« Vivre » plutôt que « visiter », « expérimenter » plutôt que « faire », « découvrir » plutôt qu’ « aller voir ». Voici comment distinguer de subtiles différences entre le tourisme et le « slow travel ». Cet anglicisme se rapporte en réalité à l’âme du voyage ou l’idée avec laquelle celui-ci se déroule dans la lenteur afin de véritablement l’apprécier. Mieux, et si cette expression était l’essence même du voyage ?
Cesser la précipitation
Dans une culture de l’instantanéité, de la vitesse et du stress permanent, les touristes de ce monde profitent de leurs deux semaines de vacances pour en faire et en voir le plus possible. Difficile de les blâmer en sachant qu’ils disposent d’un temps limité pour voyager. Néanmoins, il convient de reconnaître que l’idée de tout visiter en un temps record va bel et bien à rebours de l’esprit du voyage. Celui-ci doit, à l’inverse, se rapporter à la découverte et à l’apprentissage qui, de toute évidence, se fait sur la durée plutôt qu’à la hâte.

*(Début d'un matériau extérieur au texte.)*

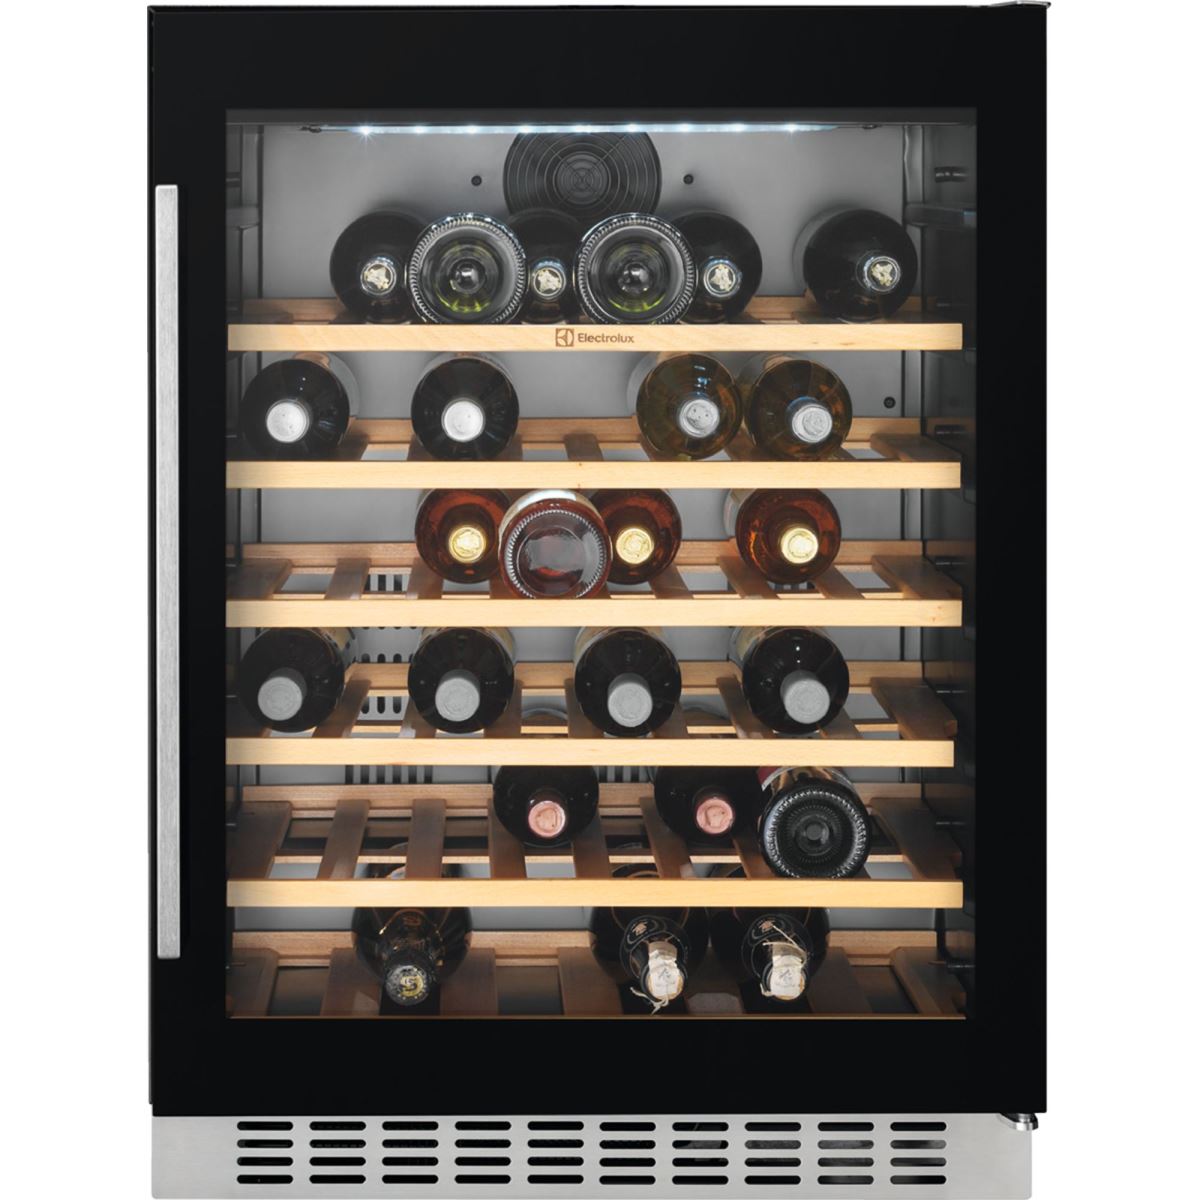 Racitor de vinuri incorporabil Electrolux ERW1573AOA, 138 litri, 46 sticle, Rafturi lemn, Control electronic, H 82 cm, l 59,5 cm, Culoare neagra (sticla)

L’absence de temps dont dispose les touristes les invite à se laisser guider par des tours organisés dûment chronométrés. Ce mode de consommation du tourisme met l’emphase sur la quantité plutôt que la qualité. Tout doit être fait par et pour le plus grand nombre. Le visiteur n’a jamais le temps de s’imprégner de la culture, de la comprendre, ni même de l’expérimenter. Les visites, bâclées, ne laissent pas le loisir au voyageur de véritablement vivre l’expérience de l’évasion. En voulant tout voir, le touriste ne voit rien et ne peut pas comprendre. Il préfère prendre des photos qui seront, quant à elles, sublimées par des filtres Instagram. Œuvre d’une hypocrisie sans relâche, tout dépend de cette logique consumériste qui vise à dire « j’y étais » plutôt que « j’ai vécu »…
Alors comment voyager ?
Refuser la consommation effrénée du voyage nous invite alors à nous pencher sur d’autres façons de voyager. Le « slow travel » en fait partie. Il est l’âme du voyage, il met l’accent sur les expériences humaines, culturelles, culinaires… Pourquoi ? Car le voyageur, contrairement au touriste, dispose de davantage de temps, nécessaire pour apprendre à connaître autrui et l’endroit dans lequel on reste. Le « slow travel », c’est ne pas compter ses jours pour apprendre à découvrir un endroit. C’est se laisser aller, se laisser porter par l’air du temps. C’est cesser la planification intempestive. Comme le dit les quelques mots de Gao Xingjian, « le vrai voyageur ne doit avoir aucun objectif ».
Prendre son temps possède de nombreuses vertus. L’une des plus importantes est à priori, les rencontres avec des locaux et d’autres nomades. D’une manière plus naturelle et plus instantanée, le « slow traveler » s’ouvre et se rapproche davantage d’autrui. Cela permet de vivre des moments uniques, improvisés et, à terme, mémorables.
Les interactions avec les locaux nous permettent d’étancher notre soif de curiosité et d’acquérir de nombreuses connaissances sur la culture du pays dans lequel nous sommes. Voyager en prenant le temps fait également réaliser aux nomades combien le moment présent est d’une ultime importance. L’absence de planification aide à y voir plus clair sur ce que l’on fait à l’instant T plutôt que de se focaliser sur le programme du lendemain et du surlendemain. Vivre l’instant présent, c’est également se prêter au jeu de nos cinq sens, être conscient de ce que l’on fait, de ce que l’on vit. S’en rendre compte fait de nous un voyageur averti, accompli et éveillé. C’est une liberté qui n’a pas de prix.
En conclusion, la vitesse est la mort du dessein même d’évasion. Le voyage c’est découvrir et non courir. C’est apprendre à se laisser aller en faisant place à la beauté de l’imprévisibilité. Le « slow travel » c’est accepter l’incertitude comme une ode à l’aléatoire. Pourquoi? Parce que c’est l’apogée de la liberté.